Abstract
Medical treatment of severe blood loss during labor is crucial, and the early warning indicator of postpartum hemorrhage (PPH) is essential for labor medical treatment. Measurement of blood loss conventionally looks dirty, reluctant, and less hygienic since some of the blood might be spilled out in the maternity bed, while commercially existing pads have low blood absorption capacity. A new design composite pad composed of absorbent materials, including cellulose rayon, super absorbent polymer (SAP), and zeolite was fabricated and characterized. The SAP and zeolite show properties as crystalline and amorphous materials, respectively. The surface area of natural zeolite was 19.79 (m2/g). The newly fabricated composite pad showed a high blood absorption capacity (>500–600 mL) with a blood absorption rate of 55.56–85.84 mL/min (depending on the blood volume), showing better performance as compared to the commercial pads. These characteristics suggest that the new composite pad could function not only as a sanitary pad but also as an early warning indicator for PPH if the rate and blood volume reach the dangerous category (≥600 mL or at ≥13 mL/min rate).
Keywords: Natural zeolite, super absorbent polymer, SAP, maternity, labor
Introduction
Dealing with bleeding during and after labor is challenging work for health professionals, including midwives. Under normal circumstances, physiological hemorrhage occurs during the third stage of labor. However, if excessive bleeding occurs, it can result in potential blood loss [1]. Postpartum hemorrhage (PPH) is a critical period of high bleeding rates (often exceeding 500 mL) in the first two hours postpartum, commonly caused by uterine atony, perineal rupture, retained placenta, or other factors during vaginal delivery [2,3]. Despite efforts to prevent childbirth-related bleeding, postpartum hemorrhage (PPH) remains a life-threatening challenge during labor, particularly in recognizing early signs and symptoms, especially in rural areas of developing countries [4]. Approximately 20% of PPH cases occur without risk factors, and delayed clinical decisions often exacerbate the condition [5]. Professional intervention in handling severe PPH increases the chances of survival by 35% [6,7]. Therefore, advocating early warning for PPH is also crucial.

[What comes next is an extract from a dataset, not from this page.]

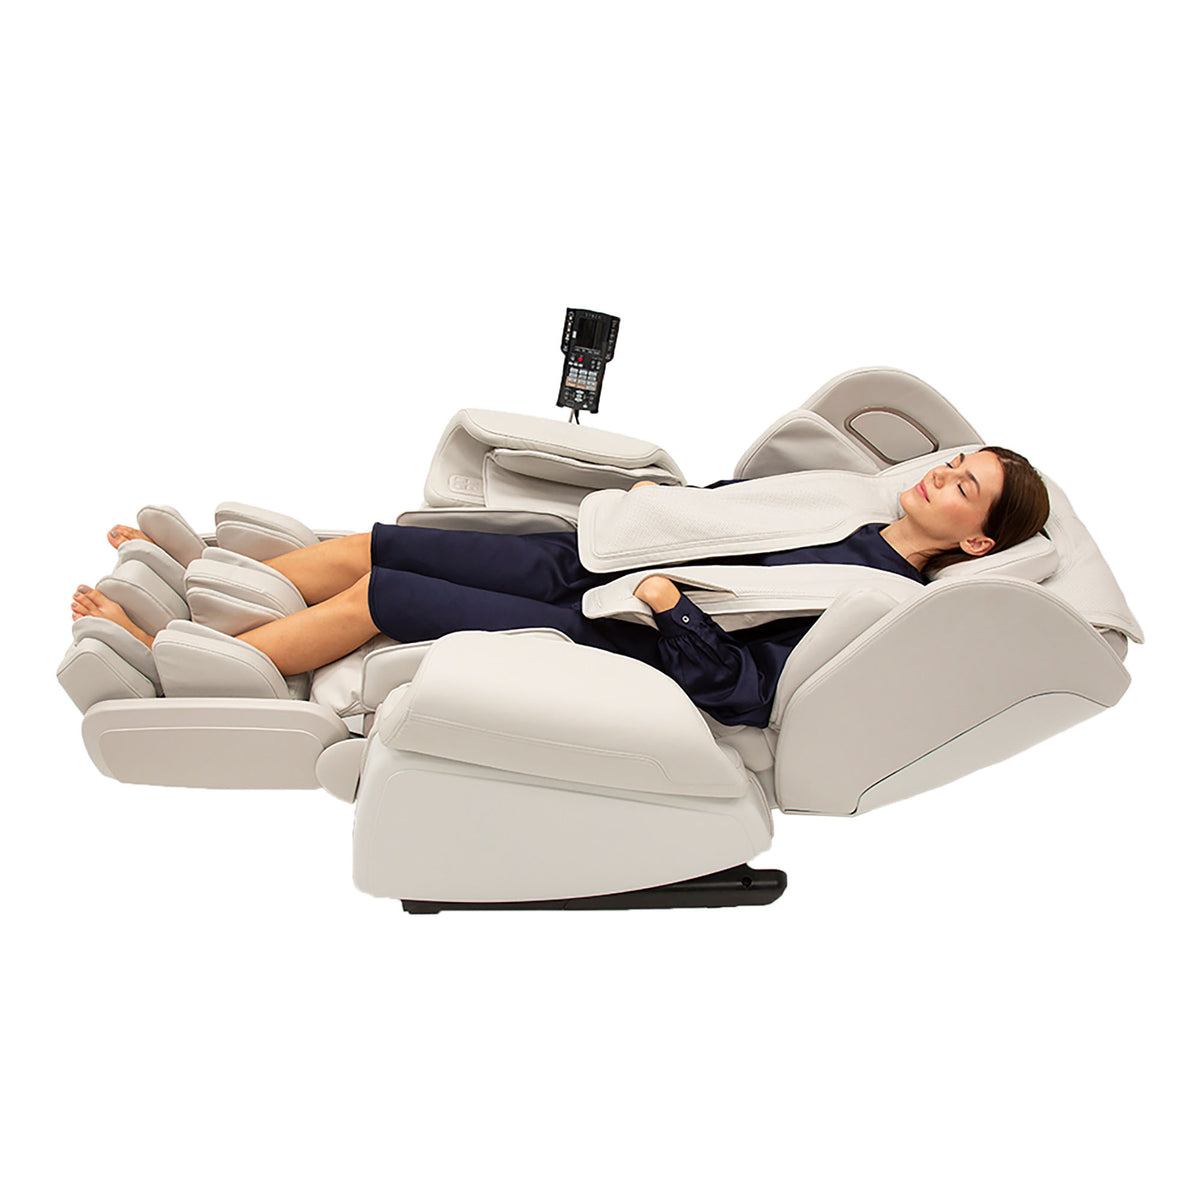 Synca Kagra Premium Massage Chair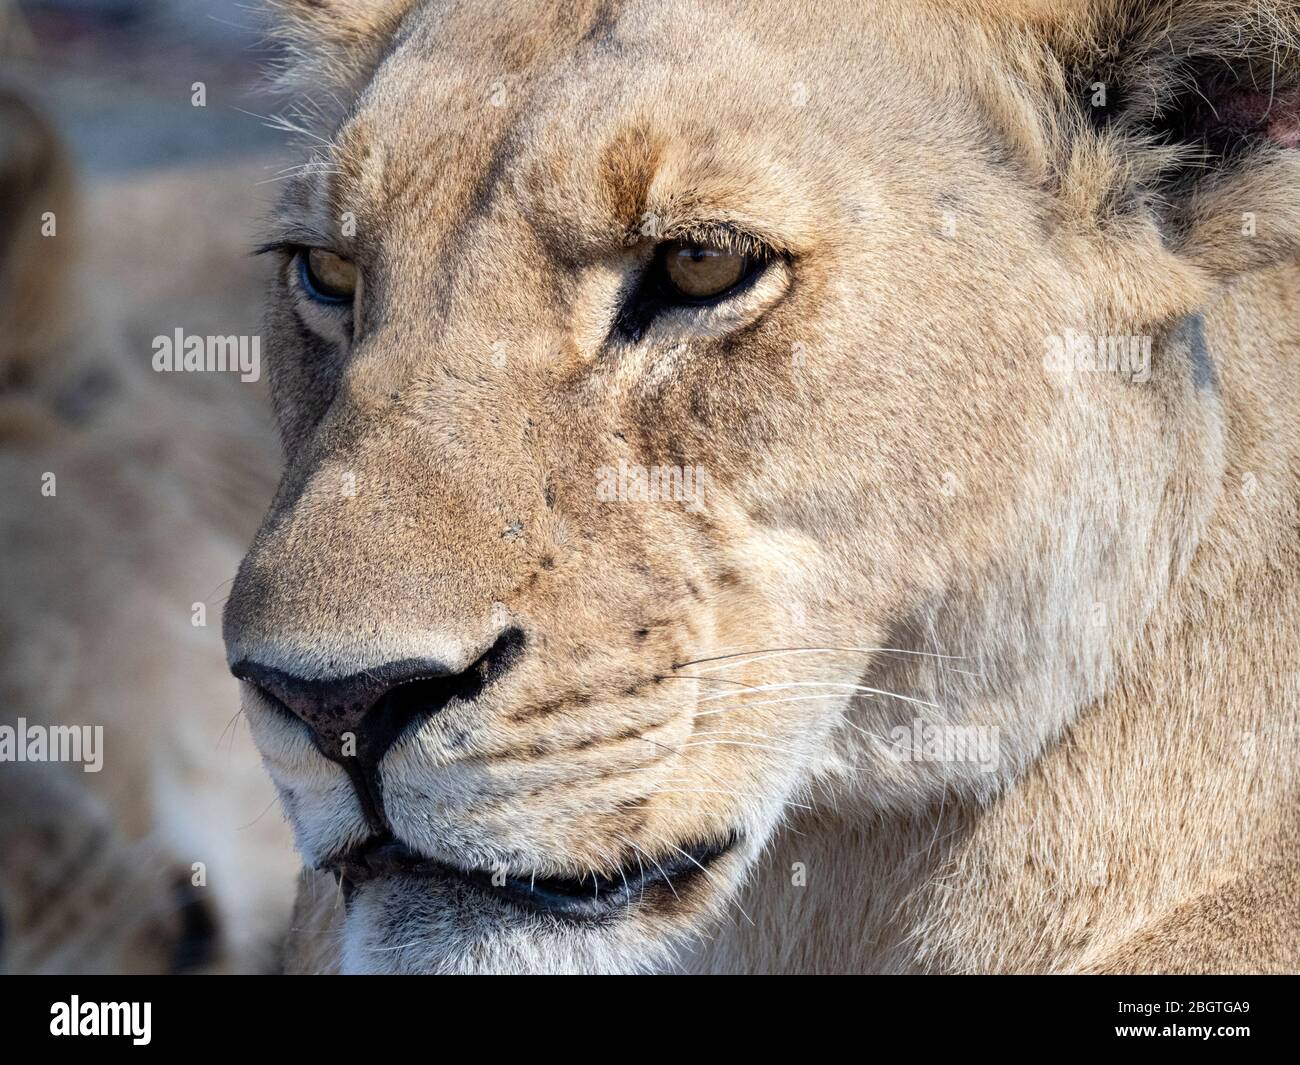 Eine Erwachsene Löwin, Panthera leo, Kopf Detail in Chobe National Park, Botswana, Südafrika. Stockfoto

Estimating the blood loss during delivery is critical for early detection and intervention of PPH [8]. In clinical practice, PPH is often anticipated by measuring blood loss using basins, but inaccurate measurements may occur due to the lack of volume scaling marks [2,8,9]. While equipment for more accurate measurement has been introduced [10-13], the aim of this study was to develop a more straightforward solution. A new composite pad design was created to not only absorb blood like a standard commercial pad but also serve as an indicator for PPH, which has not been commercially available. Herein, the newly developed sanitary pad employed the combination of super absorbent polymer (SAP) and natural clay-zeolite. Zeolite and SAP are widely studied absorbents with negligible health risks to users [14]. To our knowledge, this is the first study reporting SAP and zeolite as absorbing materials in sanitary pads. A sanitary pad with high and fast absorption capacity is required to hold a large volume of PPH, by which the quantity is easily measured, giving a simple indicator for emergency treatment. Since the material and processing of this new pad are cost-effective and available locally, it shall be contributed to the Indonesian community.
Methods
Study design and blood collection
This study was an experimental design, especially in collecting labor blood samples. Trained midwives were recruited for the postpartum blood sample collection from 15 patients in the maternity clinics, which were randomly sampled. Postpartum blood was collected using sterilized equipment to prevent contamination from dirt, faces, amniotic liquid, and urine. The blood was collected directly into blood bags and stored in a cooler box. Blood viscosity was measured using a portable viscometer (NDJ-8S Rotational Viscometer Adopts Advanced Mechanical).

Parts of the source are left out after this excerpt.